Mandatory union dues are again at issue. On the heels of contentious “right to work” disputes, the Supreme Court heard arguments challenging an Illinois mandate requiring home healthcare workers to pay representation fees to a union they did not want. Harris v. Quinn could even challenge the Court’s 1977 Aboud precedent upholding mandatory union dues for public sector workers.
The union and allies reiterate the claim, accepted in Aboud, that “union security” rules are needed to prevent workers from unfairly opting out of paying for union services. But that claim is seriously flawed.
“Union security” rules are clear violations of workers’ liberty, particularly their freedom to not be forced to associate with certain groups, which unions ironically steamroll in the name of freedom of association. So unions defend coercion to impose employment terms violating government’s primary role–protecting individual rights—with a “free- rider” argument.
Labor laws have made unions exclusive representatives for groups of workers. Therefore, unions assert that that every worker must be forced to pay for their representation, or they will be able to “free ride” on those services. That is, workers’ rights must be abrogated to prevent non-members’ unethical behavior.
But free-riding on unions is not the fundamental problem. Mandatory exclusive representation–monopoly unions (so obviously monopolies that pro-union legislation exempted unions from antitrust laws, or they would have been illegal)—imposed to the detriment of those not in the majority is the fundamental problem.

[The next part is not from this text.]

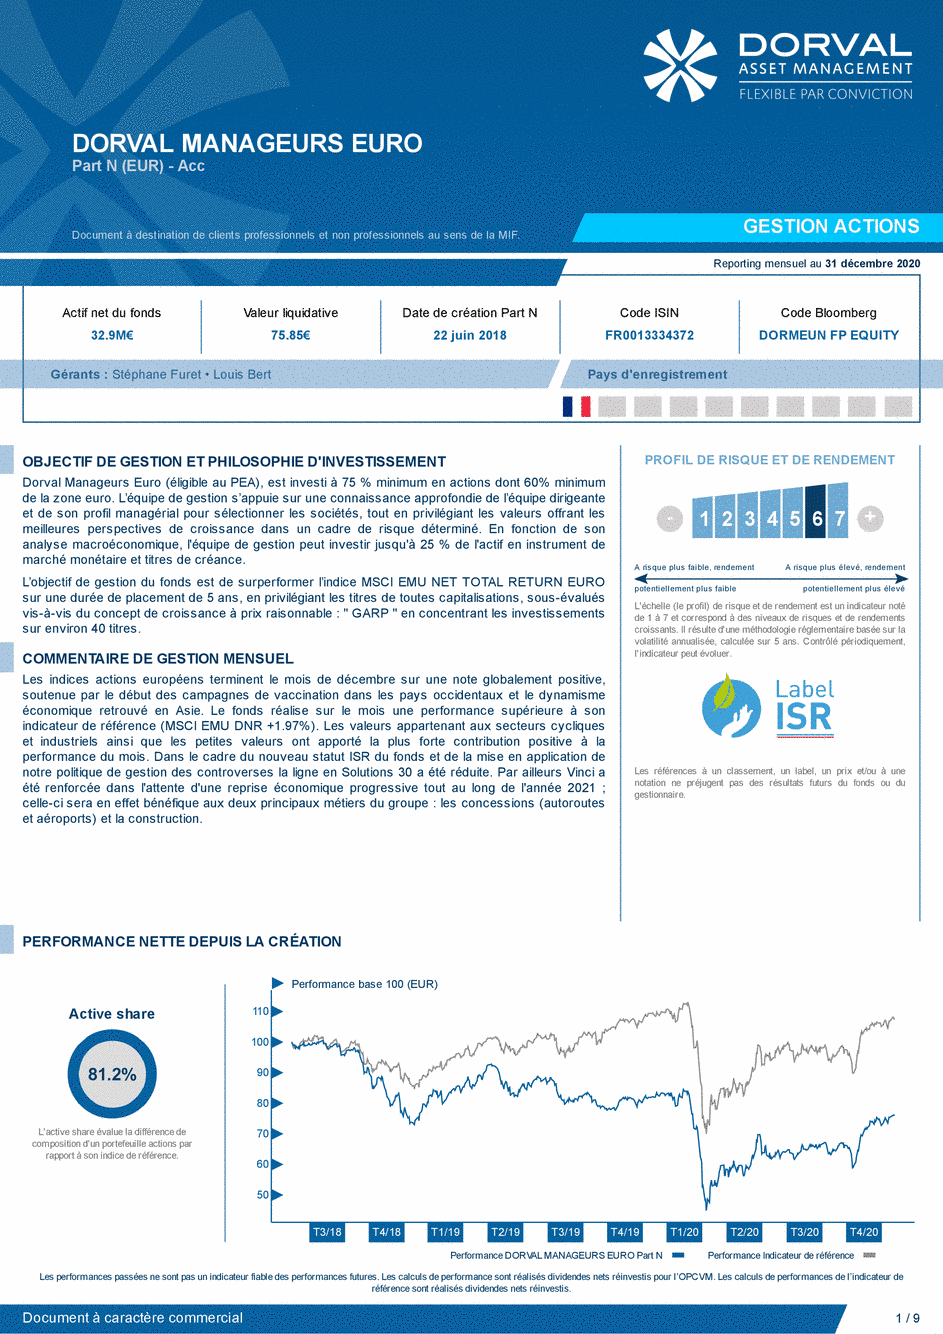 Reporting DORVAL MANAGEURS EURO Part N - 31/12/2020 - Français

Given majority approval in a certification election, all affected workers are required to submit to union representation and pay the union’s price for it. Those terms are imposed not only on workers who voted for the union, but for those who supported another union, those who preferred remaining union-free and those who did not vote (including those hired after the union is certified, who never get an effective chance to vote). Workers and employers are prohibited from negotiating their own arrangements, including labor-management cooperation not controlled by the union and “yellow-dog” agreements requiring abstention from union involvement (which, before labor laws eliminated such rights, the Supreme Court called “part of the constitutional rights of personal liberty and private property”).

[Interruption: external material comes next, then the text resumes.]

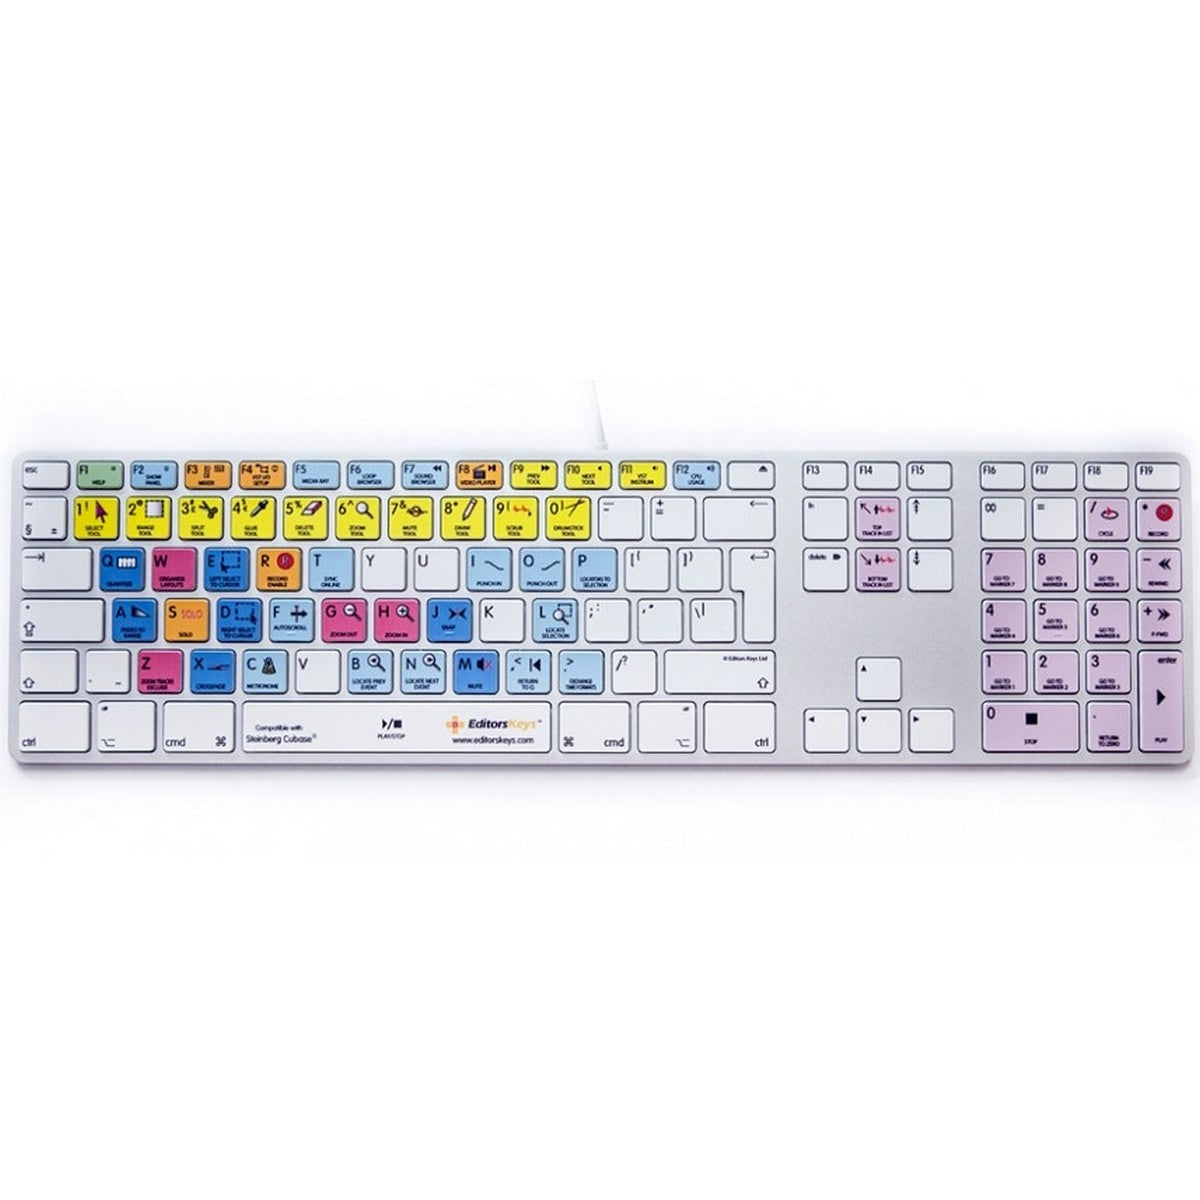 Editors Keys Apple Keyboard for Cubase | Apple Shortcut Wired Keyboard

The supposed “free-riding” workers are those who would refuse union representation, but are not allowed to. They are harmed by the imposition, revealed by their unwillingness to pay the “price” for those services. They are not free-riding on the union. They are “forced riders,” required to abide by, and pay for, violations of their rights and interests, to benefit unions. That violation of workers’ rights, not their attempts to minimize the harm imposed on them, is the central issue.
Despite their rhetoric, unions don’t really want to solve the “free rider” problem they hang their argument on, because it is easily fixable, but unions stop at nothing to prevent the solution. All it would take is ending exclusive union representation. If workers were allowed to choose representation by different unions, or negotiate for themselves, the problem would disappear. Each union would only negotiate for its voluntary members, eliminating free riders. But unions have fought with tooth, nail and their members’ wallets to impose and maintain exclusive representation, knowingly harming all dissenters and thereby creating the “free rider” problem. And their recent behavior, as in Michigan, reveals how far they will go to maintain that power to circumvent competition in the labor markets they control, now largely in the public sector.
Requiring exclusive union representation violates America’s founding principles, unfairly transferring dissenting workers’ rights to union leaders. Only those who benefit from that abuse—unions that harm dissenting workers, non-union workers and consumers (taxpayers, in public sector employment)—can object to restoring those workers’ rights. That is why Harris v. Quinn, which offers the Court another chance to see through the “free-rider” smokescreen to the central issue, presents an opportunity for a reform that would benefit the vast majority of Americans.